# Dog Harnesses



## patp (Apr 30, 2007)

I have been researching these because Georgia will have to travel in our VW Amorok when we go away now. There are fully crash tested harnesses out there but my research showed that they were found to be uncomfortable for the dog causing some dogs to resist strongly having them put on. 
The ordinary harnesses with plastic fastenings are considered too weak to withstand an impact. 
I have come up with the Kurgo Tru Fit harness. It has metal fastenings and a fairly broad breast plate but not so broad as to be uncomfortable. They also do a seat belt attachment that goes directly into the anchor point rather than the inertia reel which probably needs a certain amount of weight to trigger it and allows the dog far too much freedom 
http://www.kurgostore.co.uk/best-sellers/tru-fit-smart-harness

Available on Amazon as is the attachment.

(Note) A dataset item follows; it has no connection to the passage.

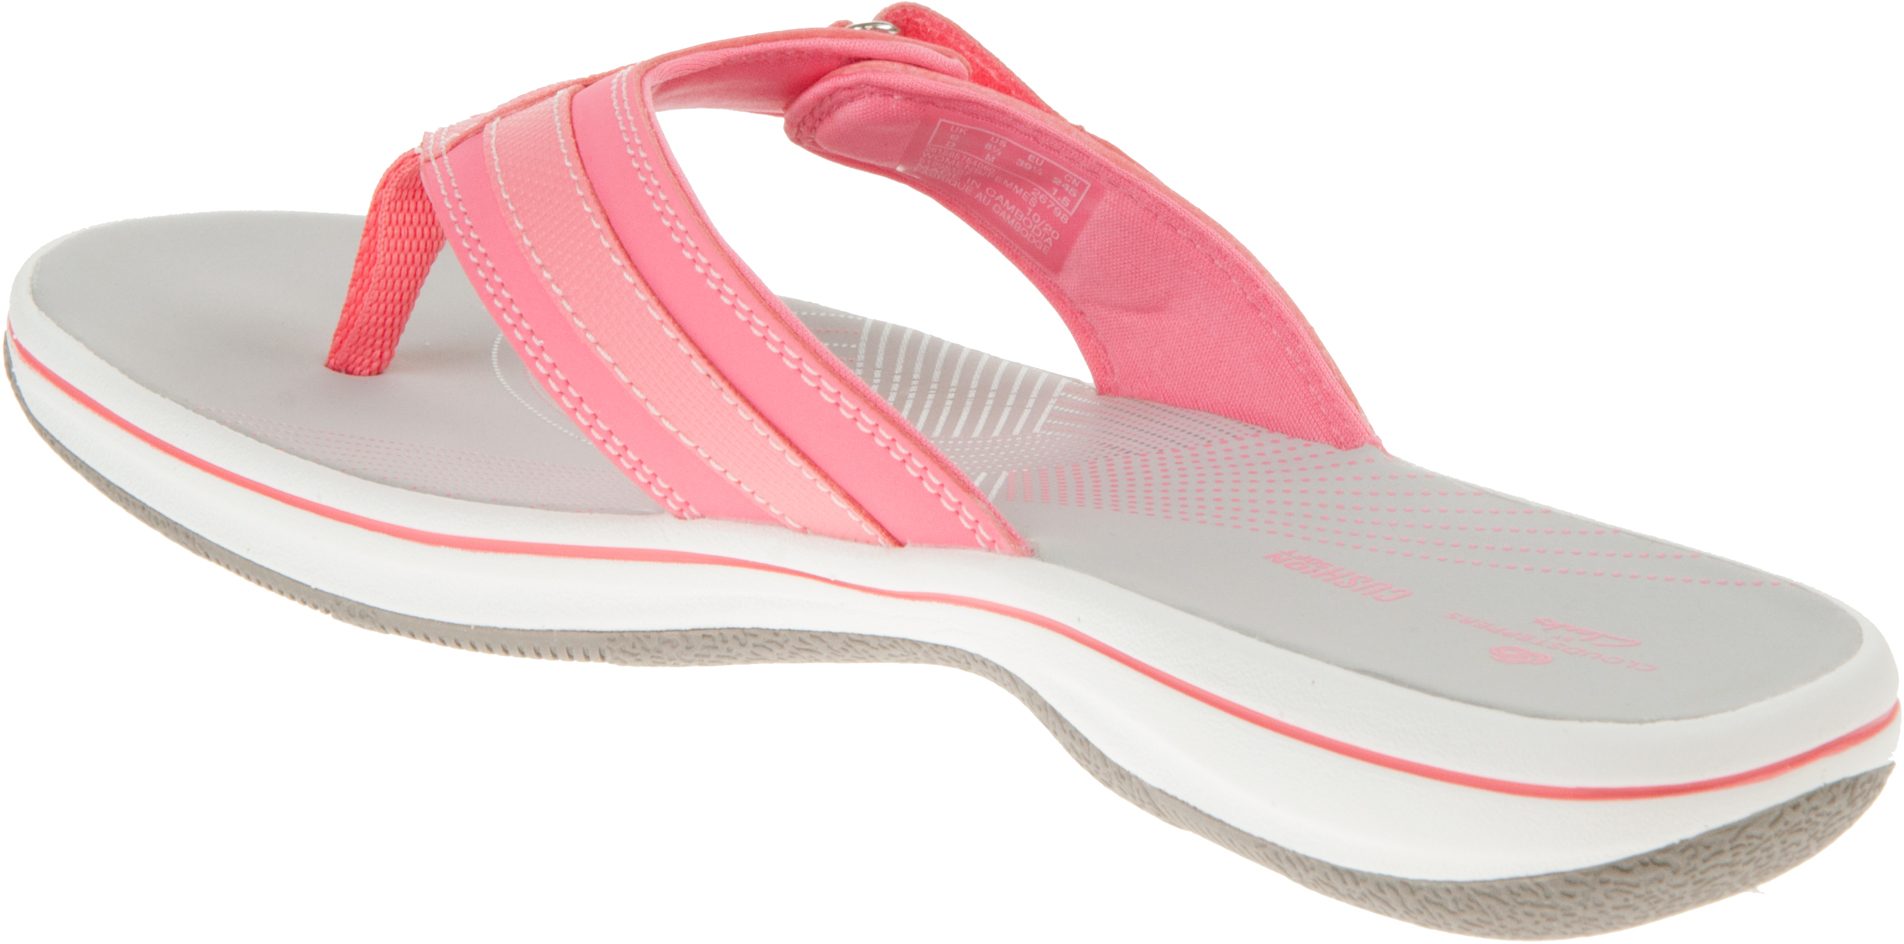 Clarks Brinkley Sea Bright Pink Synthetic 26158575 - Toe Post Sandals ...
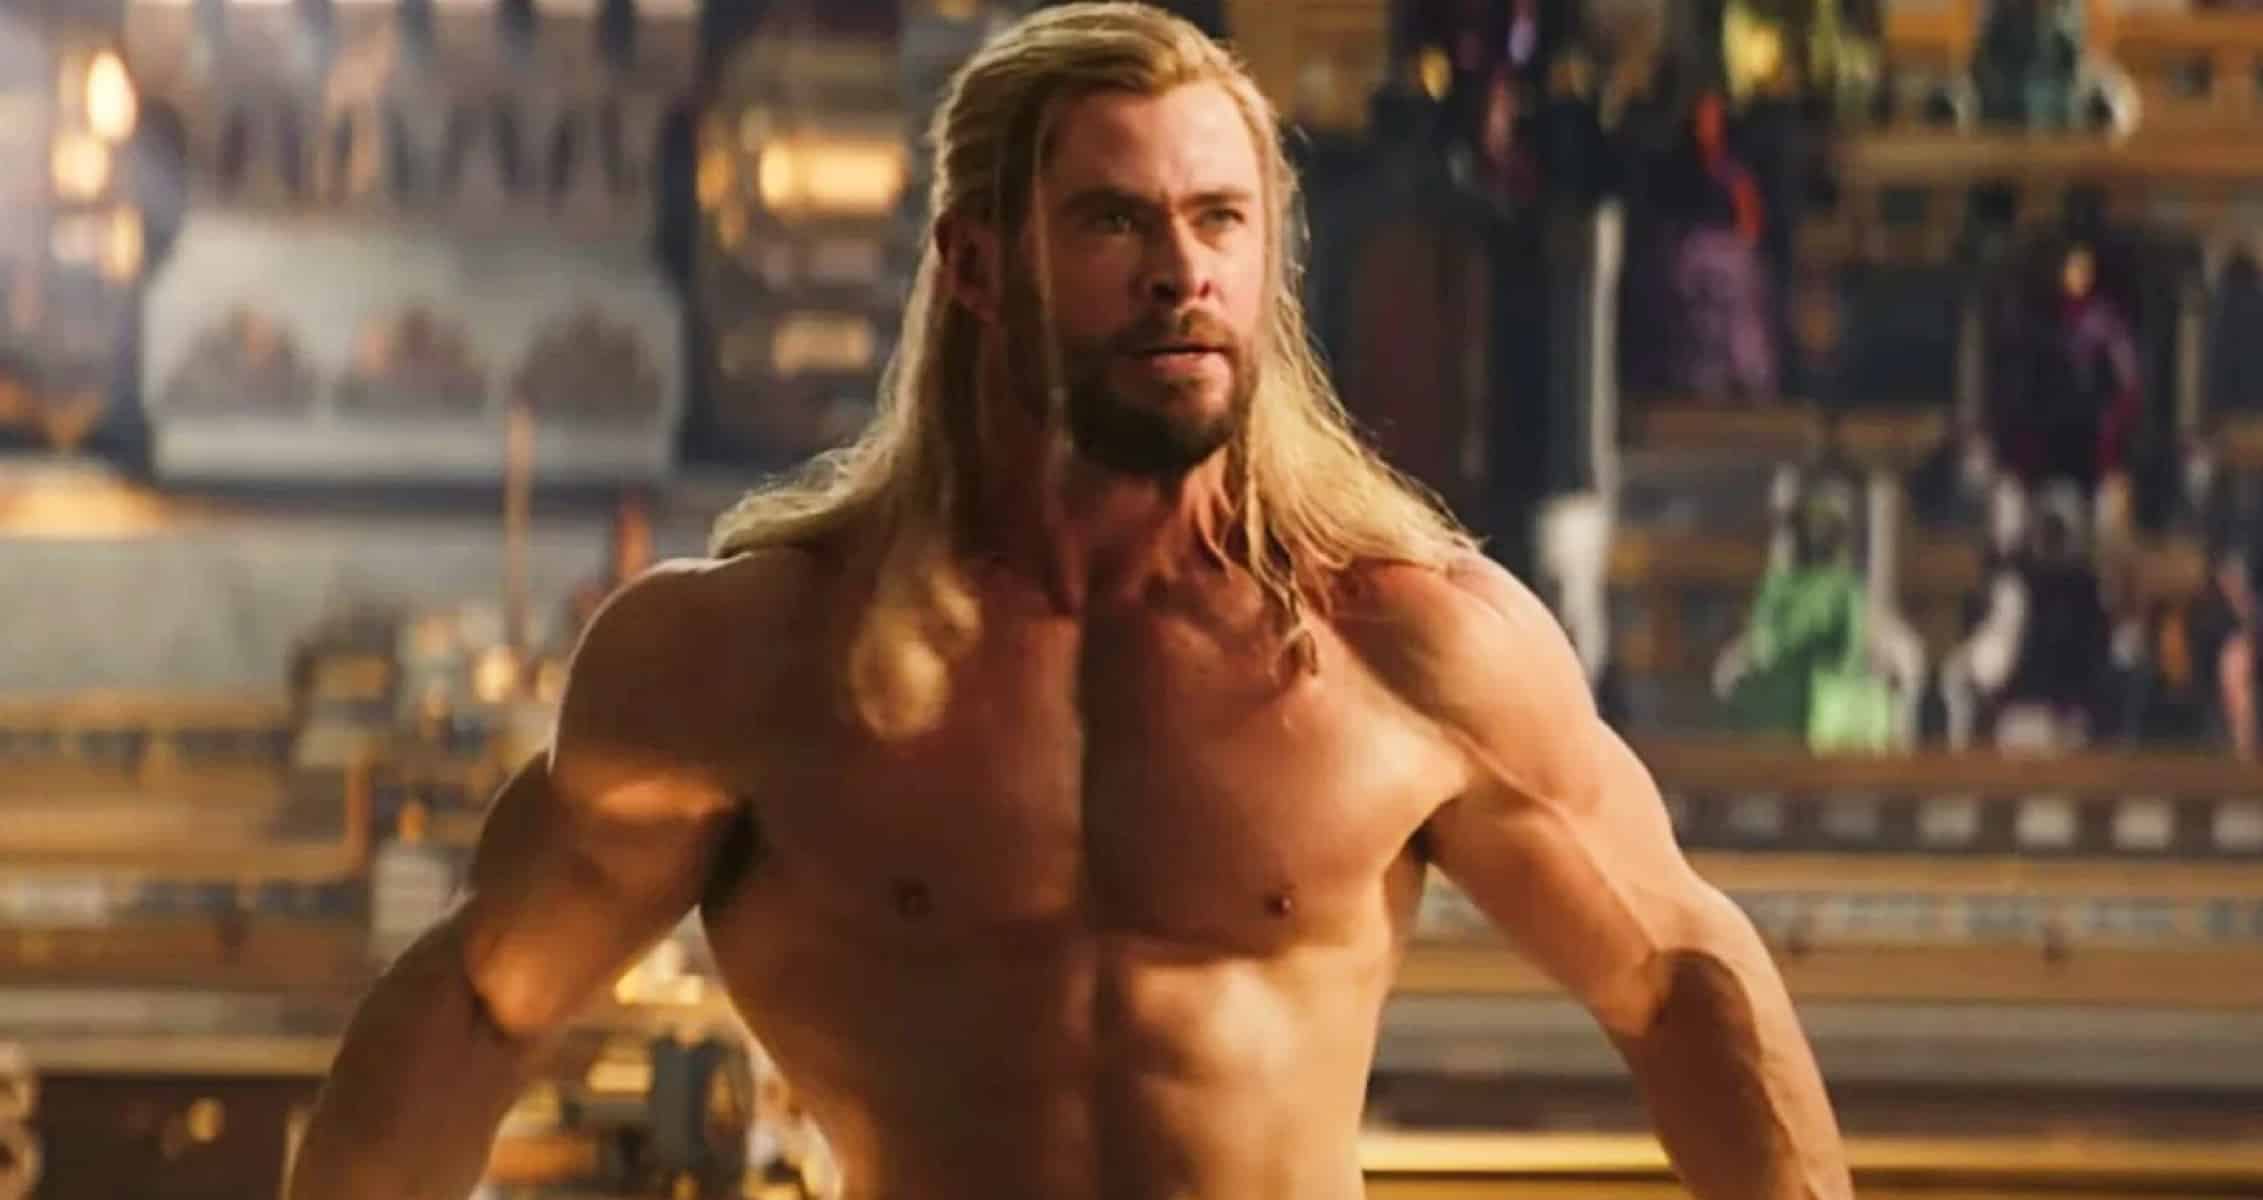 Chris Hemsworth Shares Massive Biceps in Thor: Love and Thunder Behind The Scenes Photo

Saw recently that the fine for an unrestrained dog travelling in a motor vehicle is £5,000!


----------



## aldra (Jul 2, 2009)

Shadow travels in the garage

No longer in the MH 

We have a secure towbar, to carry a scooter , goes back all the way 

Hopefully it will protect him 

But niether he or us are comfortable with him in the van 

He’s wound up furiously barking at everything

We’re wound up listening to him

He has a window in the garage ,still barks at anyone near the van 

But once we turn on the engine he can’t wait to get out 

He has a comfortable bed Space 

And doesn’t want to travel with us

Once we stop he loves to come inside 

Sandra


----------